No pasa un solo día sin que me pregunte: ¿aún dura la lucha en
Venezuela? Se que, cuantos estáis leyendo ahora esto pensáis lo mismo.
Ya es demasiado, no se puede continuar, nada parece cambia,. es como si
todo cayese en una espiral, en un desorden; sin embargo ahora más que
nunca, es necesario hablar de luces en vez de sombras; ahora más que
nunca, debemos dar esperanza a los días que amanecen envueltos en la
bruma de la desesperación; pero... ¿cómo hacerlo?
Busquemos
entre la masa amorfa que camina por la calle sin rumbo fijo, mirando sin
ver, buscando respuestas a preguntaos que nadie ha hecho, en medio de
esa "amalgama" de sueños fallidos, alguien alzó la voz, escapó de la
siniestra estructura pétrea en la que Cuba encerró a Venezuela. Lo hizo
con gesto vigoroso y acento nuevo, con ilusión renovada, con fe y
sacrificio. Los jóvenes en Venezuela dijeron BASTA, y eso se traduce en
lenta lucha, con dolor y muerte, pero también con victoria que se
vislumbra en medio de la tediosa oscuridad. Ahí es dónde conduce
el grito frenético de los que creían no tener voz; ahí se encuentra la
salida, hasta ahora oculta en la trampa castro-comunista; ahí se reúnen
las voluntades inquebrantables de quienes dieron vida y sangre en nombre
de la Libertad.
Los jóvenes liberaran al fin la nueva Venezuela,
son ellos quienes recogen el testigo de la justicia, lo rescatan del
suelo embarrado por la iniquidad humana, por el comercio del alma. ¿Es
así cómo debe ser? preguntan quienes hoy lloran a sus hijos, quienes han
dejado de creer en la lucha de la juventud heredera del espíritu de
Bolívar, del espíritu libertador que sustenta la grandeza de vuestra
patria.
¿Qué respuesta se le puede dar a esa madre, a ese padre, a
esa hermana, que a partir de una fecha, marcada en su alma con impactos
de bala , sabe que nunca volverá a ver a su ser más querido?. No hay
respuesta posible, sólo incertidumbre, sólo dolor, sólo desesperación.

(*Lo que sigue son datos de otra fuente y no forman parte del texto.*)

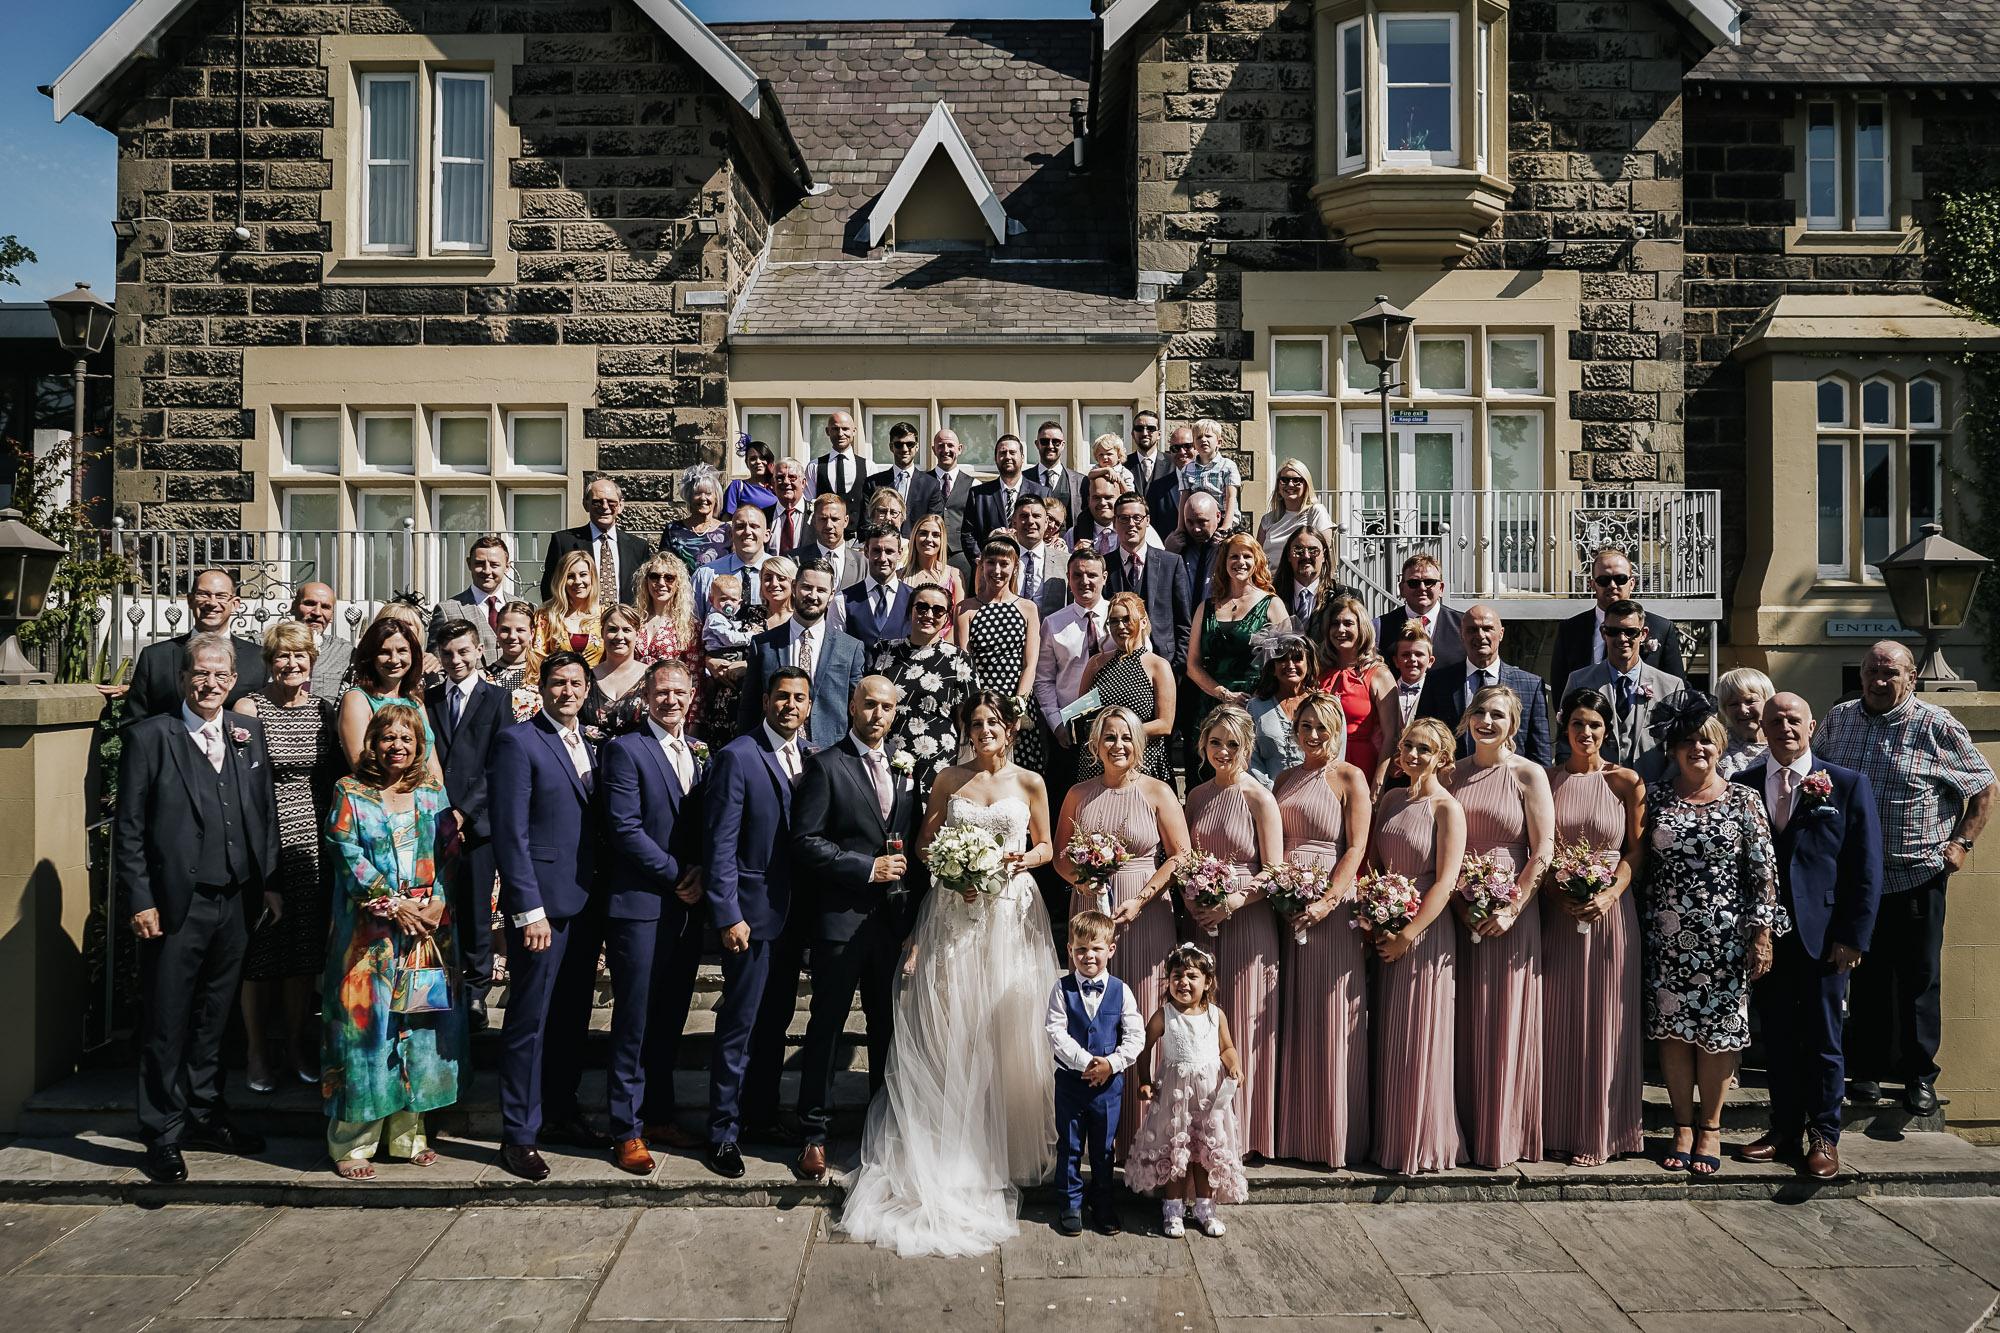 West Tower Wedding Venue Orkskirk Lancashire Wedding Photography cheshire wedding photographer (18 of 47).jpg

En tan terribles circunstancias no existe ningún oro camino. El coste
de una sóla vida resulta demasiado alto, no queda otra opción ya es
tarde para el retorno; por eso sigue camnando, mi amada Venezuela, sigue
mirando al frente, hacia esa luz que en la que crees; no queda mucho
para que todo termine; para que tus niños vuelvan a jugar en las calles
seguras y tranquilas, bañadas por la serena luz de la tarde; para que tu
dolor sea un necesario recuerdo y tu victoria un glorioso presente.